Local News

Town plan rule saves North Hartland Park

By Curt Peterson

Richard Thornburn, an experienced woodworker from Woodstock, recently approached the Hartland Select Board with a request to lease the long-vacant North Hartland School on Mill Street. He planned to use the facility for his custom cabinetry, renovation, remodeling and restoration business. 

In the wake of public reaction his plan was ultimately scuttled by land use rules in the Hartland Town Plan.

Local residents said the site, surrounded by residences and located on popular 3.48 acre Currier Recreational Park, with its tennis and basketball courts, baseball field and well-equipped playground, is unsuitable for a business operation. 

Speaking as a North Hartland resident, Stacey Bradley worried about Thornburn establishing boundaries to protect the children who frequent the park, and that efforts to protect his assets might diminish their ability to enjoy the park.

“The kids often use the slope from the building for sledding in winter,” she wrote in a listserv email.

Residents also felt two construction trailers, to be parked at the school when not located at worksites, might be an “attractive hazard.” 

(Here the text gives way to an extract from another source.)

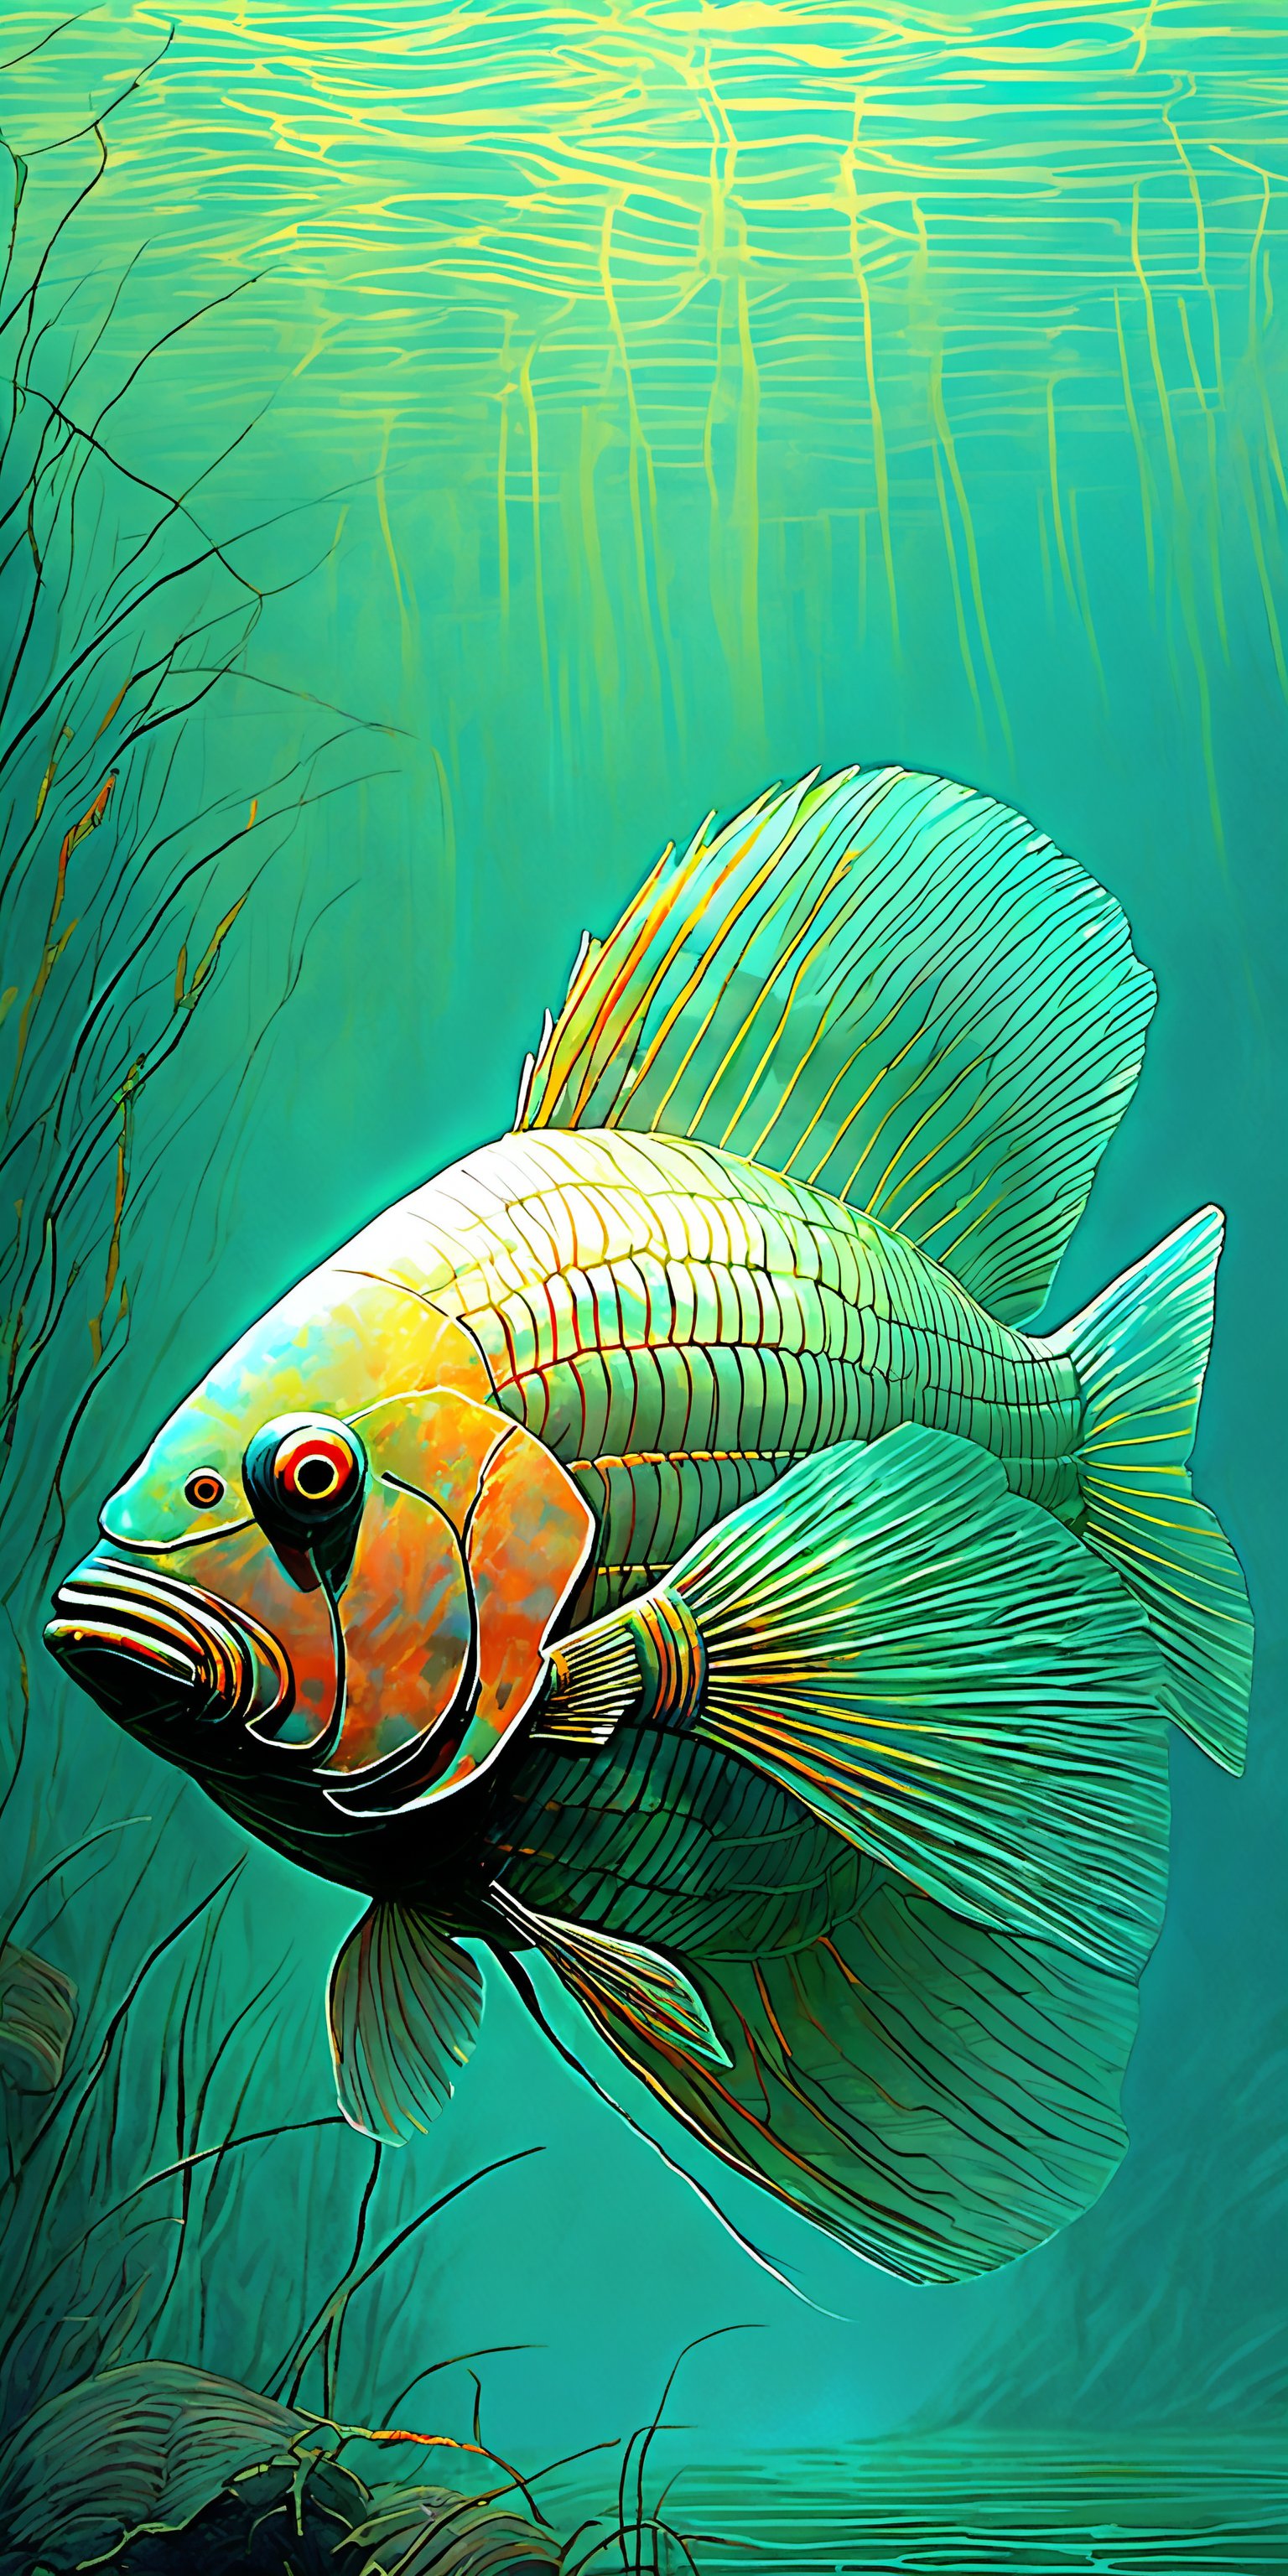 "The image features a detailed and vividly colored fish, shown in a side-on view, swimming in a serene underwater environment. The fish has a metallic, iridescent body with nearly invisible gossamer fins that shimmer with hues of green, blue, and hints of orange. The intricate patterns on the fish's scales and fins are highlighted by the soft, diffuse lighting that creates a realistic sense of depth. The background is a gradient of turquoise and green, suggesting a tranquil, ethereal underwater meadow with gentle light rays filtering through the water. Delicate aquatic plants are visible in the background, adding to the serene and natural atmosphere. The overall style is hyper-realistic, capturing the fish's anatomy and textures with meticulous attention to detail, while the soft lighting and vibrant colors evoke a sense of wonder and tranquility. To recreate this image, create an underwater scene with a vividly colored fish in a side-on view, featuring a metallic, iridescent body and nearly invisible gossamer fins, highlighted by soft, diffuse lighting in a turquoise and green gradient background with delicate aquatic plants and gentle light rays filtering through the water."

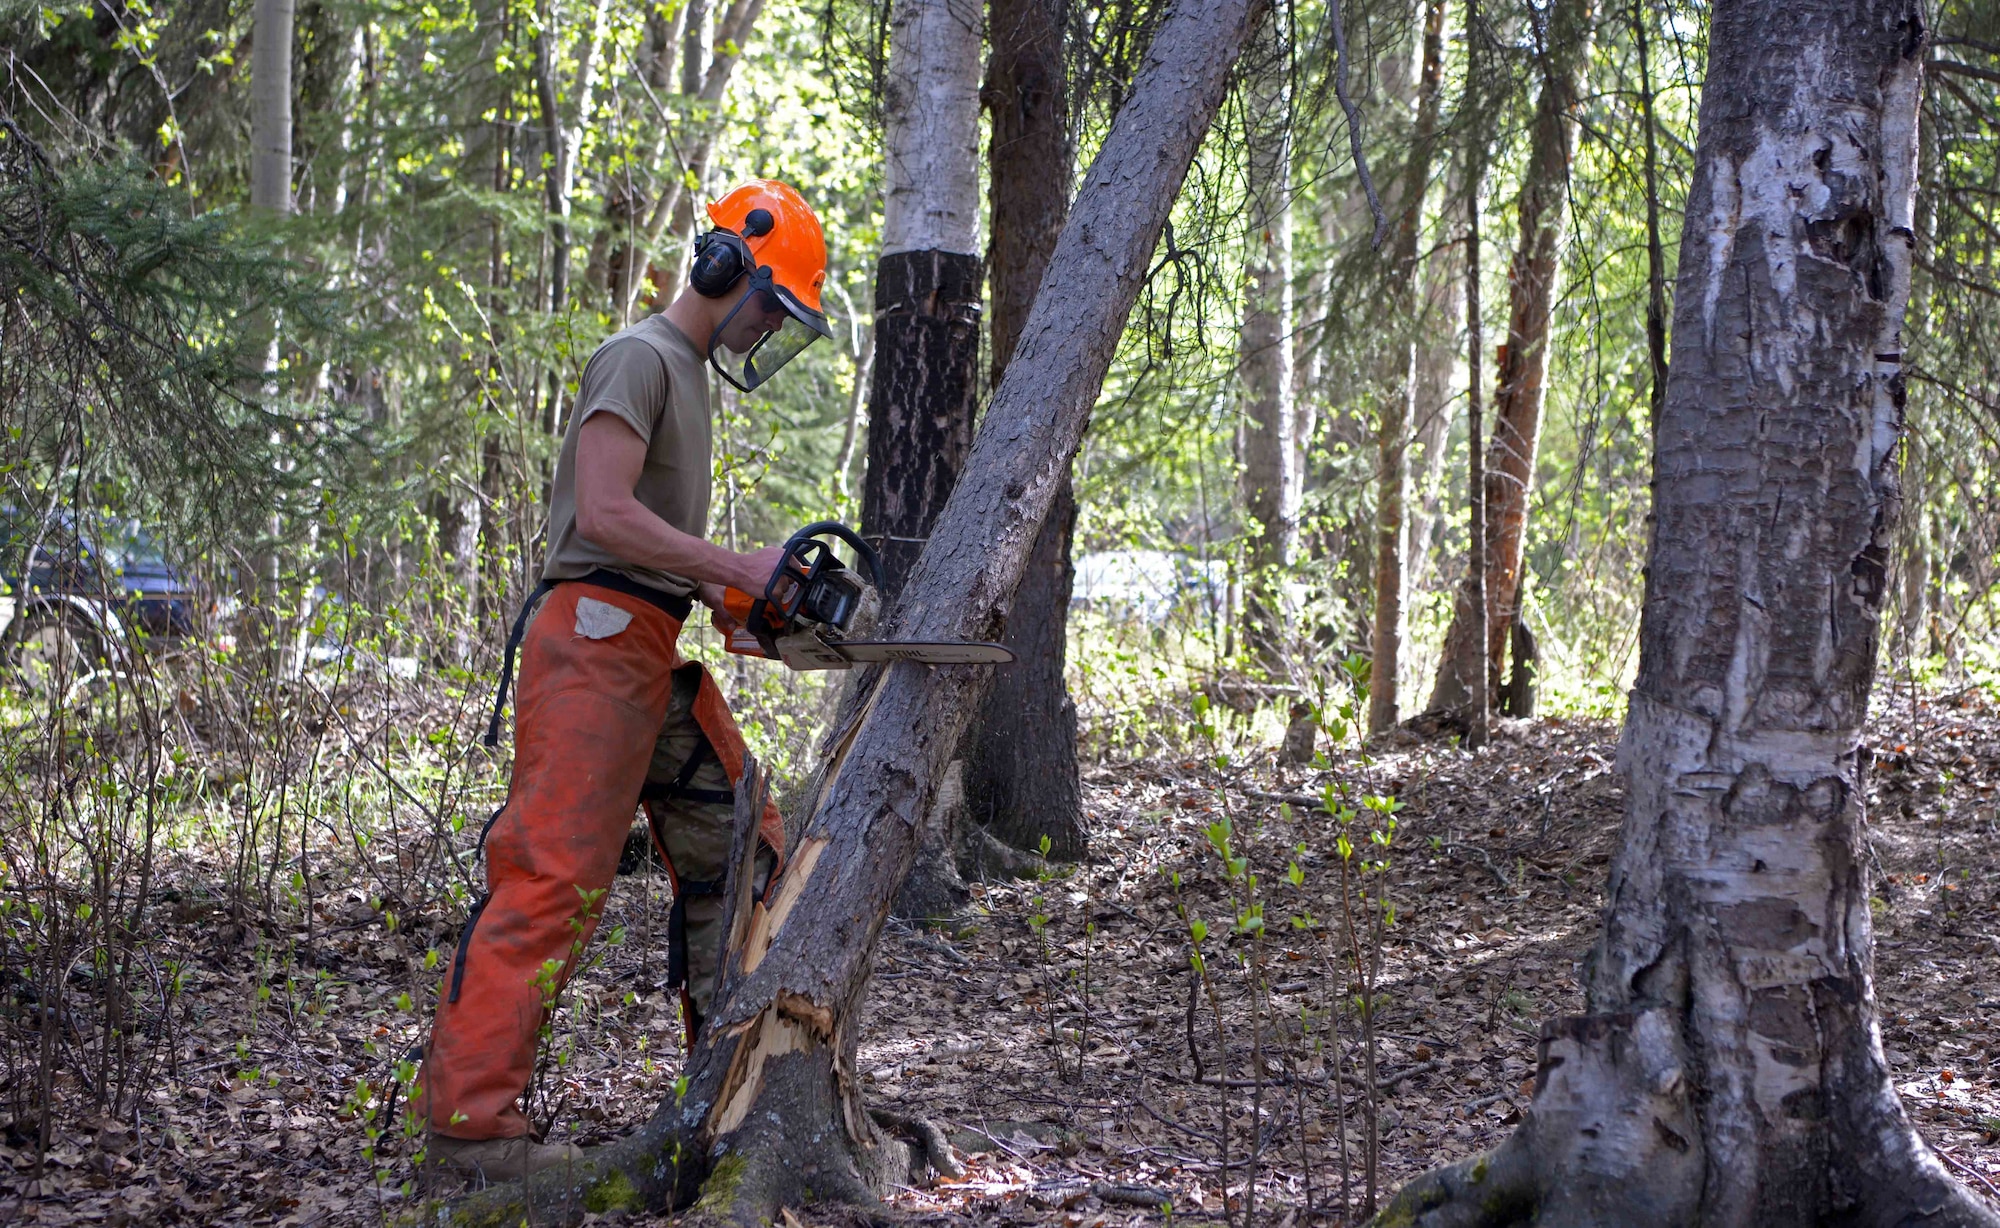 A U.S. Air Force Airman assigned to the 354th Civil Engineer Squadron cuts a dead tree down during a troop training project May 26, 2021, at the Birch Lake Military Recreation Area, Alaska. The renovations to the area included upgrading eight cabins, grading roads, trimming trees, repainting and staining the main building, and installing new fire pits. (U.S. Air Force photo by Senior Airman Beaux Hebert)

Bradley warned the town might lose the school’s current tax-exempt status if it was leased as a rental income property. While the Select Board can exempt the building from municipal taxes, education taxes cannot be avoided.

Residents predicted Thornburn would be working on weekends and evenings, even though he said he would minimize any noise and keep to normal business hours most of the time.

She also cited the Town Plan designation of the park as “conserved land”, which precludes any commercial use. This was ultimately the key issue.

On Tuesday, April 10, Bradley posted a plea for North Hartland residents to let  Select Board members know their feelings about having a business operating on town-owned park land. It was that afternoon that Phil Hobbie, Select Board chair, announced negotiations with Thornburn had been terminated because of Town Plan protection.

Thornburn had been looking for a new location for his shop, as his current facility is for sale. His brother Chuck, a North Hartland resident, had suggested the empty school. 

“My first reaction was, ‘Good news for the town’,” Hobbie told the Mountain Times. “We have (an unused), heated building with no (Americans with Disabilities Act) access.” He saw Thornburn’s proposal as a way to use an idle asset and defray some expenses for taxpayers. The town keeps the vacant school maintained, heated and electrified.

Thornburn had offered to pay for renovations, including installing 200 AMP electrical service, driveway upgrading, installing a rear double French door for bringing materials inside, installing exhaust fans and a dust collection system, and surveillance cameras and alarms to protect his equipment and unfinished projects.

He would also assume plowing, mowing, providing insurance protection for the town, heat, electricity expenses. 

Asked about hazardous materials used in his work, Thornburn said he would only have a small amount of epoxy and oil paint on the premises.